There was a tendency for FN participants to present with more motor symptoms at onset (p = 0.07), but clinical course at onset did not differ between groups. FN participants had five-fold increased odds of having comorbid psychiatric disease compared to non-FN participants (odds ratio (OR) 5.38; 95% confidence interval (CI): 1.84–15.8), but the frequencies of autoimmune disease and cancer did not differ between groups.

Familial risk of MS was lower among FN than non-FN participants, partly reflecting that individuals from the reference database who had had HLA typing were drawn from multiplex families. The familial risk of 5.9% in first-degree relatives of FN participants is consistent with the expected recurrence risk of 3%–5% in the general Canadian MS population.¹⁸ More than half of non-FN participants with MS were positive for HLA-DRB1*1501. FN participants were less likely to be HLA-DRB1*1501 positive than non-FN participants (OR 0.32; 95% CI: 0.11–0.96).

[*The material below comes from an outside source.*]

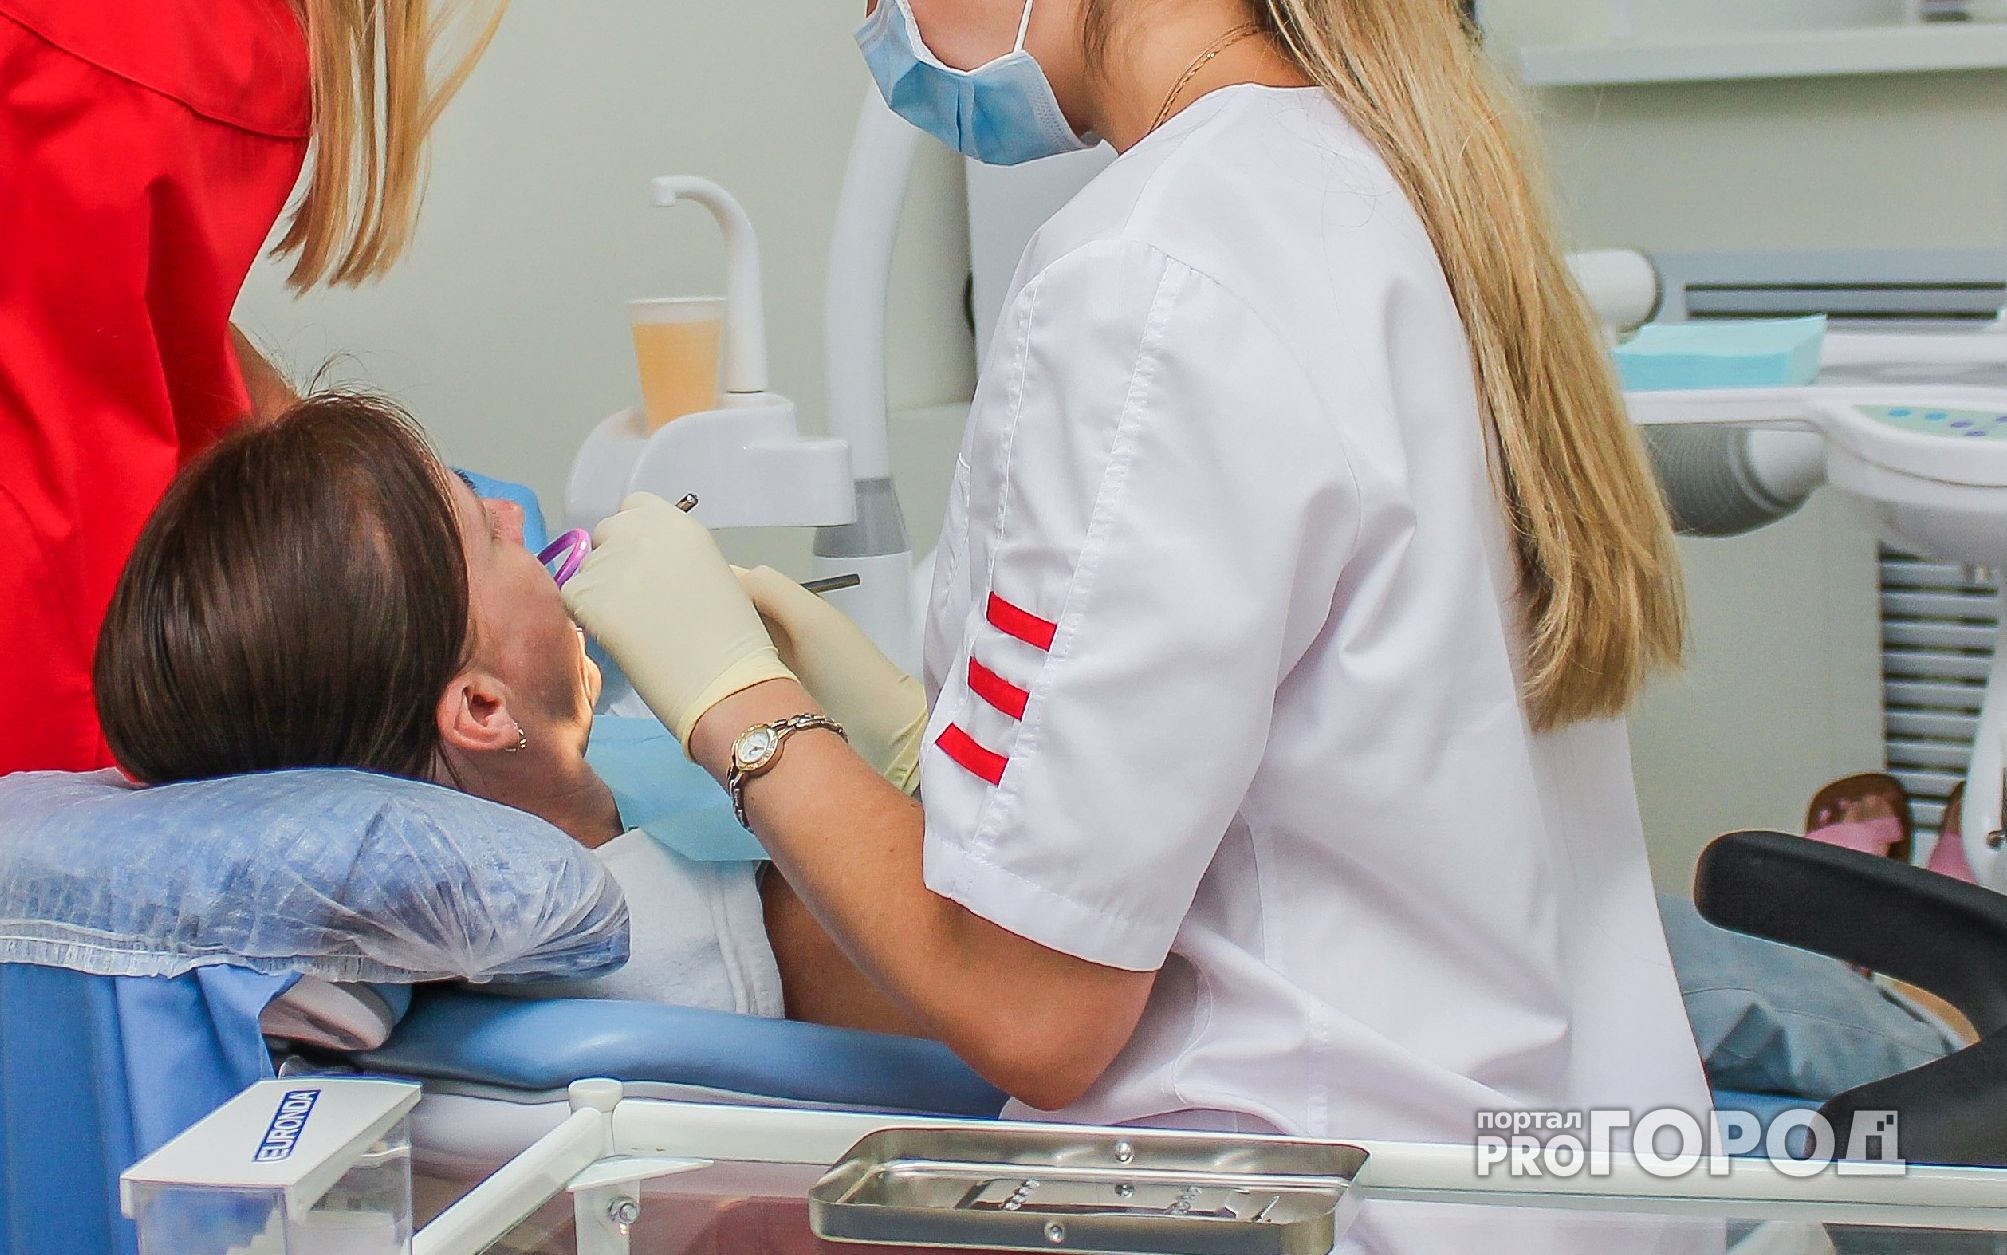 В Чебоксарах объявили большие скидки на чистку зубов и лечение кариеса

We evaluated the presence of other HLA alleles only in the FN participants with MS newly recruited for this study (n = 16). None of the participants were positive for HLA-DRB*0301 or HLA-DRB*0405, while three (18.7%) were positive for HLA-DRB*1602, four (25.0%) were positive for HLA-DQA*0102, and four (25.0%) were positive for HLA-DQB*0602.

Discussion

This pilot study provided valuable insights into the feasibility of conducting a future national study to more fully explore differences in the genetic and clinical characteristics of people with MS of differing races/ethnicities, specifically those of FN background. The clinical and genetic characteristics of FN and non-FN participants with MS differed.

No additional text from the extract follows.